[Records shown — start]

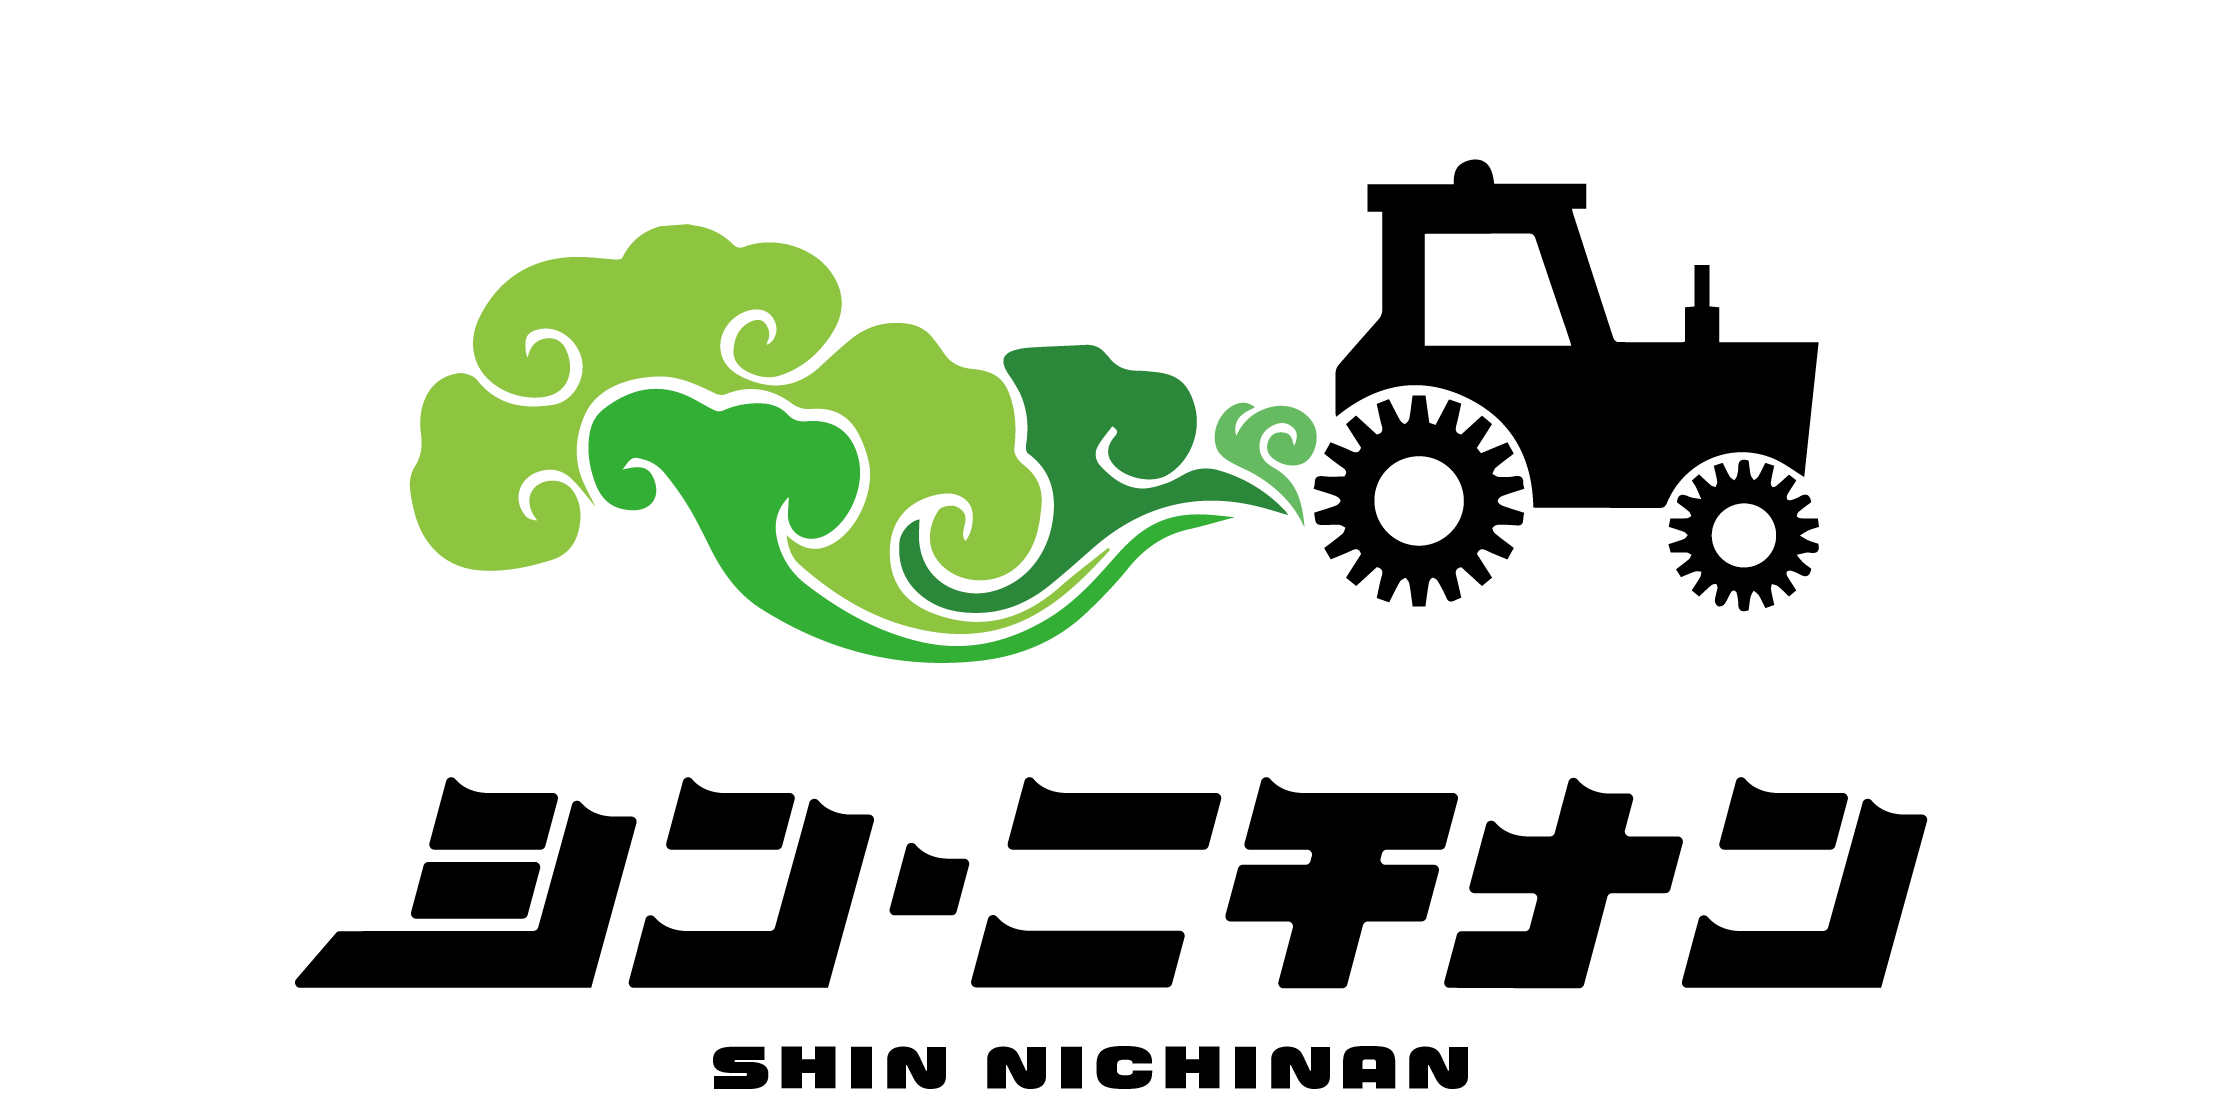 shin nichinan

[Records shown — finish]
[Records shown — start]

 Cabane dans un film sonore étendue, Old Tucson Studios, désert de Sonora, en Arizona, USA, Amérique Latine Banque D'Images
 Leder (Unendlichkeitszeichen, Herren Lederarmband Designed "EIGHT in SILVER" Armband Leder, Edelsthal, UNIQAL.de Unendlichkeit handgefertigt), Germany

[Records shown — finish]

Exercise directions: Using the records above, set down exactly the lines from the one with "Cabane dans un" through the one with "Leder (Unendlichkeitszeichen, Herren", inclusive, and nothing more.

Finished task:
 Cabane dans un film sonore étendue, Old Tucson Studios, désert de Sonora, en Arizona, USA, Amérique Latine Banque D'Images
 Leder (Unendlichkeitszeichen, Herren Lederarmband Designed "EIGHT in SILVER" Armband Leder, Edelsthal, UNIQAL.de Unendlichkeit handgefertigt), Germany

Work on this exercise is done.